When I told them that I was training for a marathon, they took me out in their car each evening to the Swiss border, from where I could run to and from Switzerland and be back home in time for dinner.

One evening while Andre was driving me back from the conference centre, he noticed a car with Dutch number plates, driven by an elderly couple. They looked lost. Andre indicated the car to stop and we managed to work out that the Dutch couple were trying to find a campsite. Directing the car to follow him, he drove through miles of winding country lanes until eventually we arrived at the campsite. The Dutch couple were overwhelmed with gratitude. They would never have found the campsite without Andre’s help. On our way back home from the campsite, I said to Andre in my faltering schoolboy French that he had done a very kind thing for the Dutch couple. He responded simply, “I had to help them. They were lost. It’s what Jesus would have done.”

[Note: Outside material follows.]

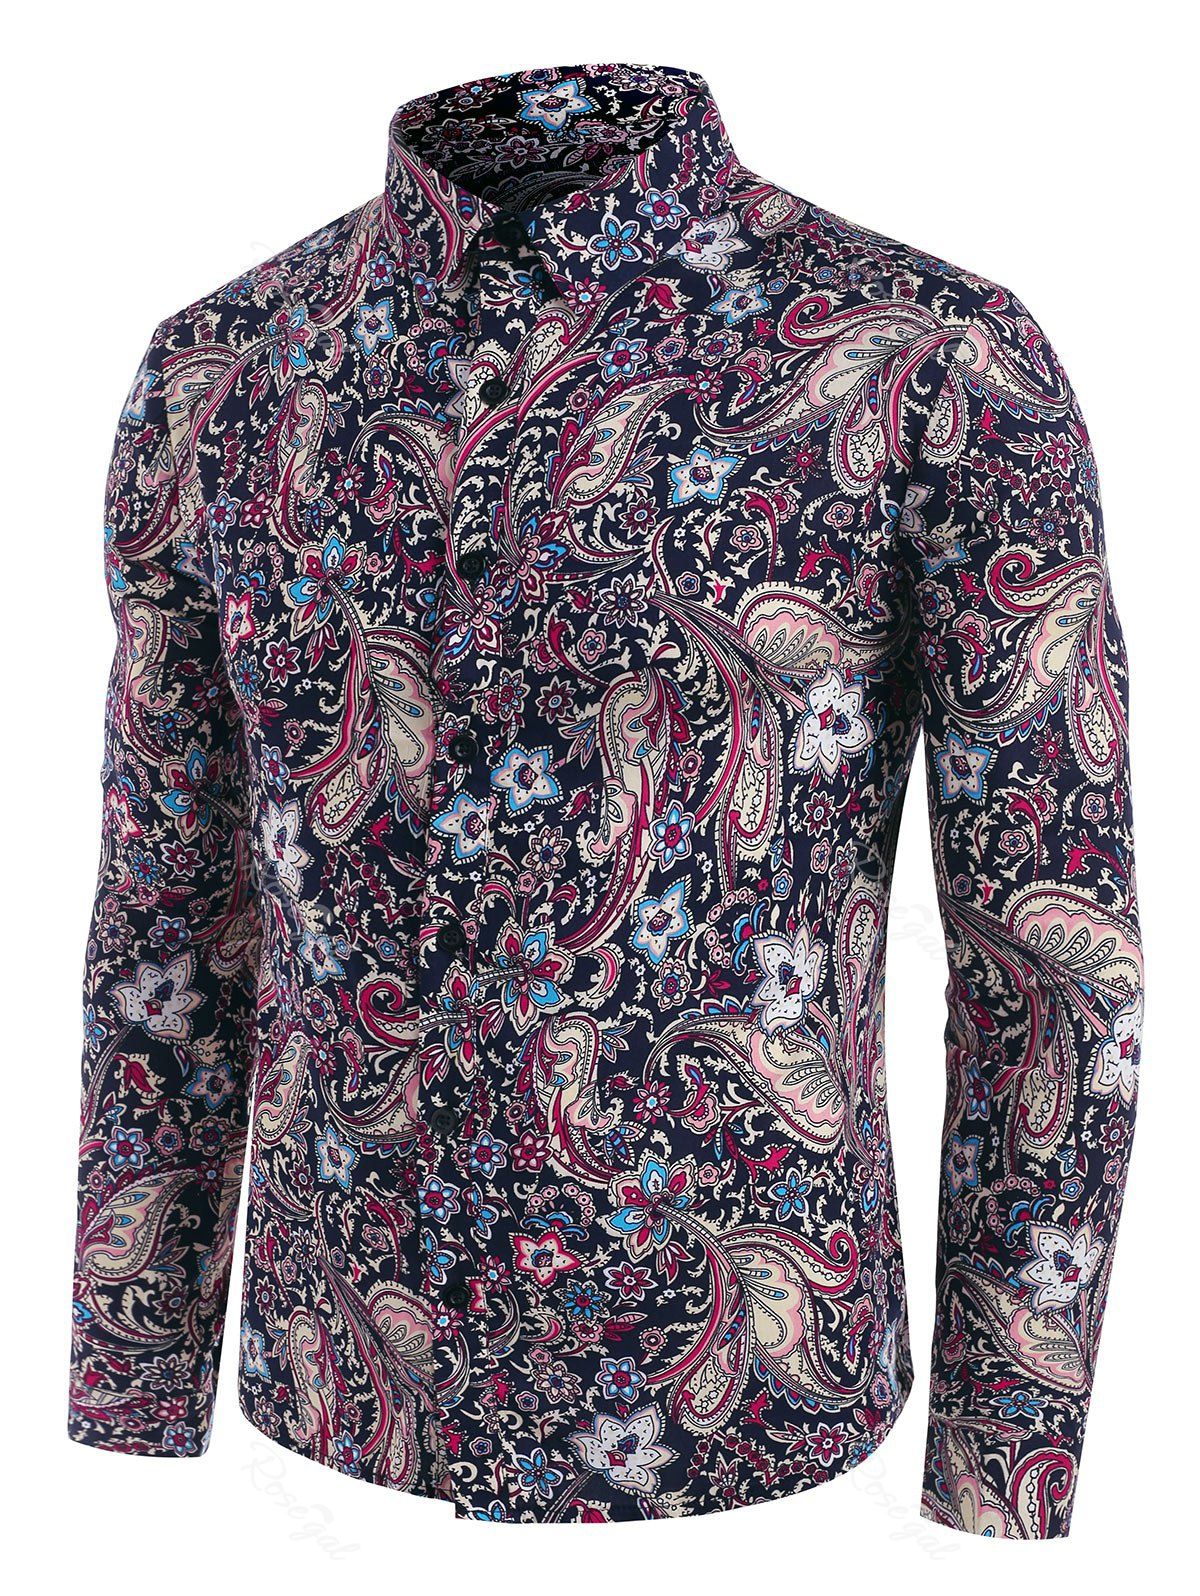 Affordable Floral Paisley Print Button Down Shirt  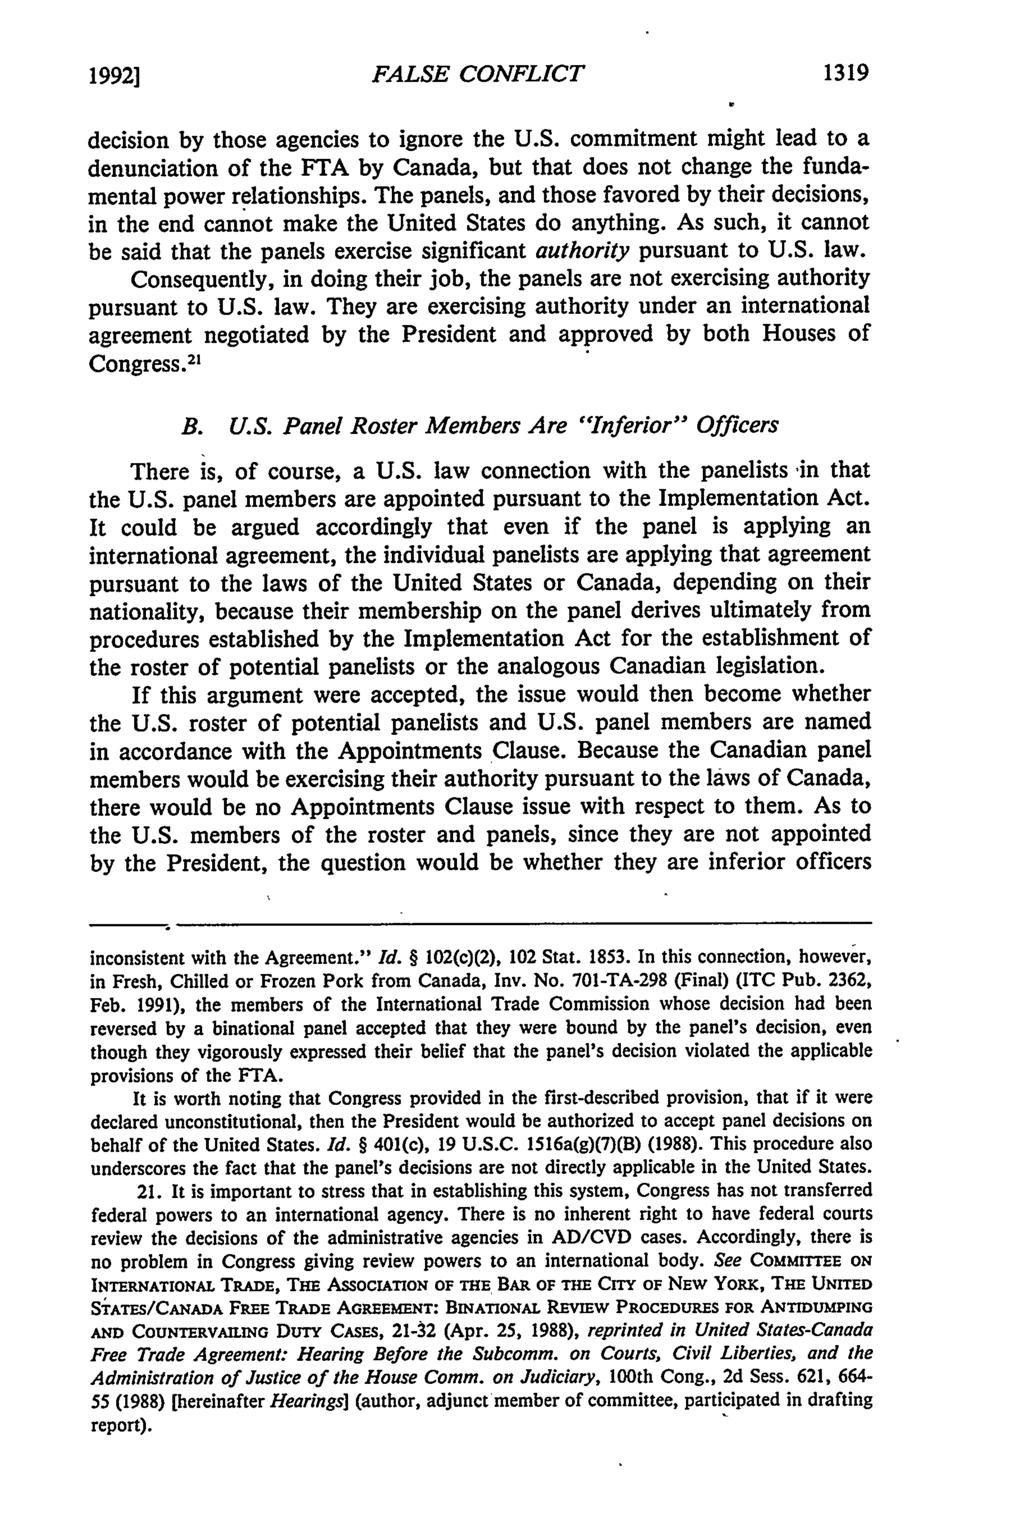 1992] FALSE CONFLICT 1319 decision by those agencies to ignore the U.S. commitment might lead to a denunciation of the FTA by Canada, but that does not change the fundamental power relationships.

Also staying in the house of Danielle and Andre was a Ukrainian couple, Aleksei and Oksana. On the final day of the conference, Aleksei asked if there was a petrol station. Danielle said that there was one on the way to the conference centre from their house. When we arrived at the petrol station, Aleksei filled the minibus with diesel. It came well to over €100. Before Aleksei even had a chance to get out his wallet, Danielle stopped him with a firm “Non! Je vais payer!” and indicated with her own wallet that she wanted to pay. She went to the cashier and paid in full.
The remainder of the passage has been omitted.